Abkhaz officials described the operation as a "security measure" and left the door open to returning the borderline villages to Georgian control.

"Maybe when quiet returns, there will be an adjustment," Slava Chirikba, an adviser to the de facto Abkhaz president, said by telephone from the provincial capital, Sukhumi.

Tensions have flared repeatedly between Georgia and Abkhazia, which fought a bloody civil war in the early 1990s, and before this month many analysts figured that it was there, not in South Ossetia, that fighting would restart.

Russia has long sponsored the Abkhaz regime in the hope of annexing the ruggedly beautiful region, once a favored vacation spot for Soviet leaders. Roughly the size of Delaware, it boasts a 150-mile Black Sea shoreline and lies just 25 miles south of the Russian city of Sochi, the site of the 2014 Winter Olympics.

In April, then-Russian President Vladimir Putin announced that Moscow would recognize legal documents issued by the Abkhaz and South Ossetian governments, effectively treating the provinces as part of Russia. Weeks later, Russia moved several hundred more peacekeeping troops and heavy weaponry into Abkhazia, boosting its force there to nearly 3,000 soldiers, analysts said.

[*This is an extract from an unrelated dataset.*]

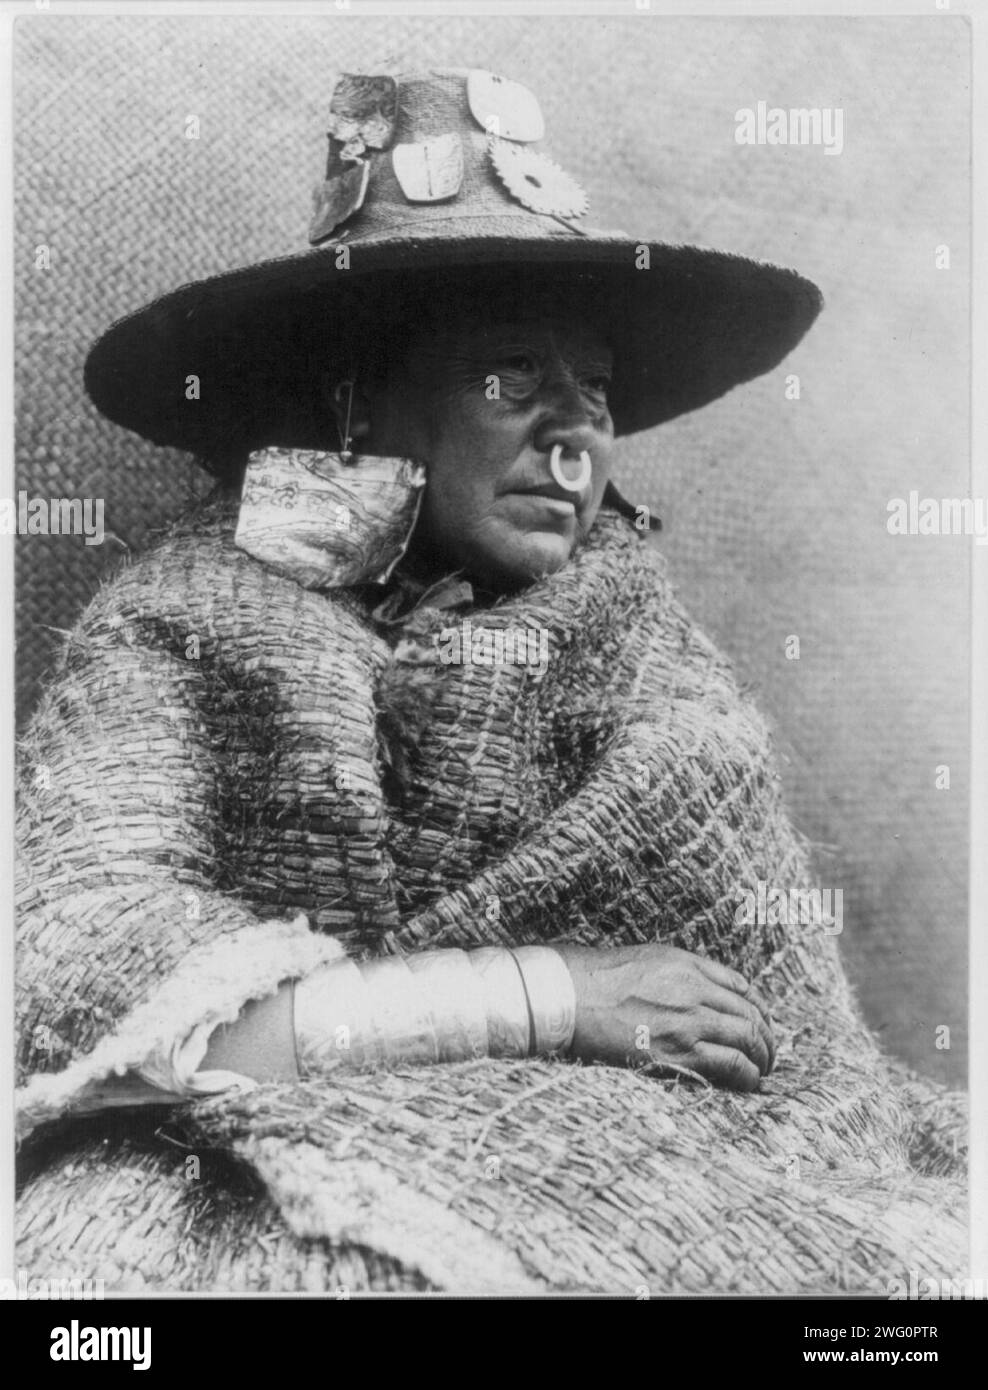 A chief's daughter-Nakoaktok, c1914. Nakoaktok woman, half-length portrait, facing right, seated, wearing a blanket, a hat with shell ornaments, large earrings, a nose ring, and several bracelets. Stock Photo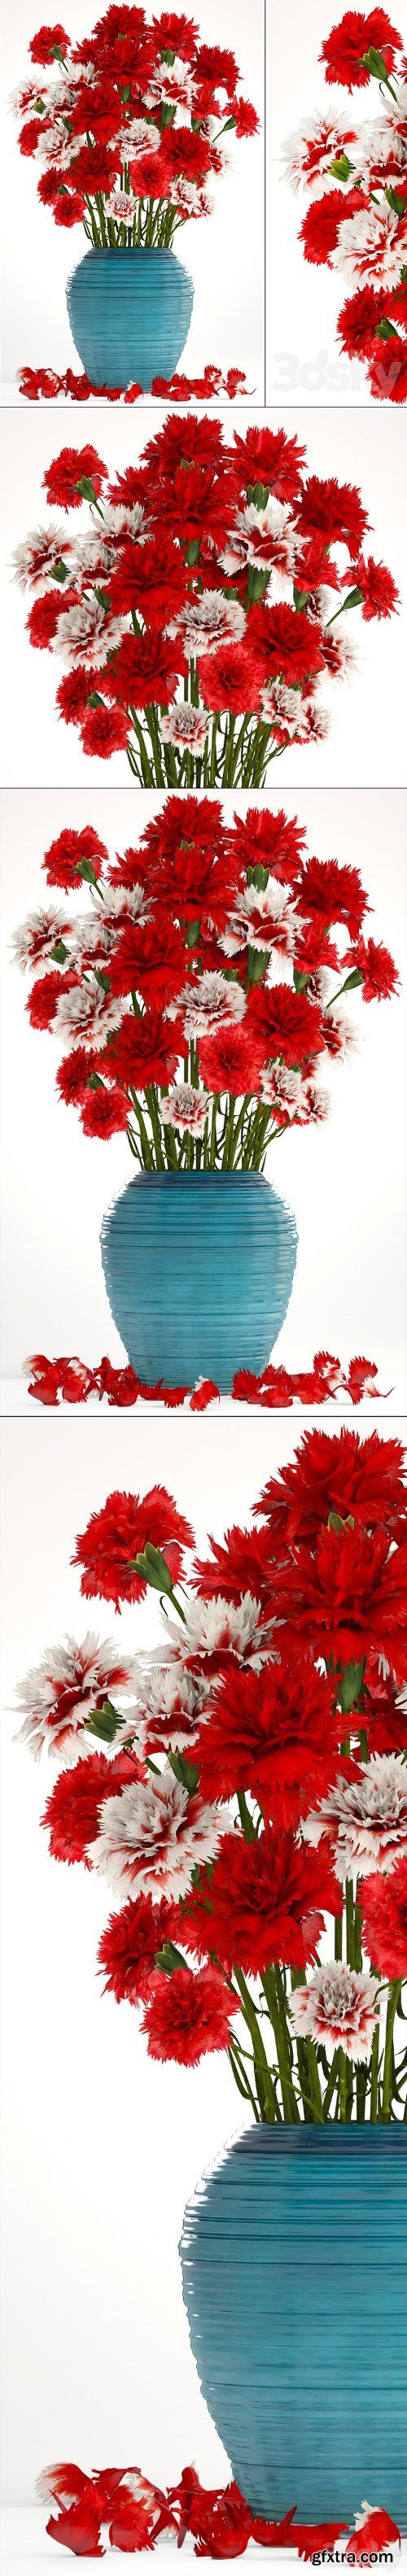 Bouquet of flowers 13. Carnation, vase, red flowers, decor

"Abkhazia has always been the greater prize," said Svante Cornell, research director at the Central Asia Caucasus Institute at Johns Hopkins University. "The broadening of the war from South Ossetia to Abkhazia took place without any provocation whatsoever, which suggests there were plans to do it all along."

With Georgian forces preoccupied in South Ossetia, the fighting in Abkhazia was light. On Aug. 9, Abkhaz troops took control of Kodori Gorge, the last patch of territory that the Georgia army held inside Abkhazia. Some 3,000 residents fled the area, the U.N. refugee agency said.

Kodori refugees said that Georgian officials had warned of an offensive and urged residents to evacuate. They said Russian planes staged bombing raids for at least three days, damaging Georgian government buildings and some homes, although there were few injuries.

"Russian planes were circling the village. The whole village panicked," said Shota Vezdenidze, 65, who now lives with his family in a shelter in the Georgian city of Kutaisi. "They just wanted all the people to flee so they could take it over."

In the hope of reconciliation, Saakashvili's government had pumped money into Kodori and borderline villages such as Gunmuhuri, about 40 miles to the south. Gunmuhuri saw new roads constructed, its long-neglected beachfront cleaned up and a summer camp opened on the water last year to bring together young Georgians, Abkhaz and Ossetians.

Residents said Russian airstrikes this month flattened the camp and its 56 cottages. The village has emptied of all but the elderly, who remain in their homes and try to avoid the Abkhaz soldiers.

Alexander Darsania, a 21-year-old villager who fled to Anaklia, said he feared being captured and forced into the Abkhaz army. While he said that Abkhaz forces hadn't abused villagers, the soldiers have free rein. Darsania sneaked back into his home one morning last week and saw that soldiers had ransacked the place looking for food.

"They do whatever they want," he said. "No one can say no to them."

Experts say that it's unclear whether ethnic Georgian refugees will return to areas that are under Abkhaz and Russian control. Chirikba, the Abkhaz official, acknowledged Georgians' concerns.

"We don't see any problem with them living in Abkhazia. They are Abkhazian citizens and protected by the law," he said. "But many are afraid to return."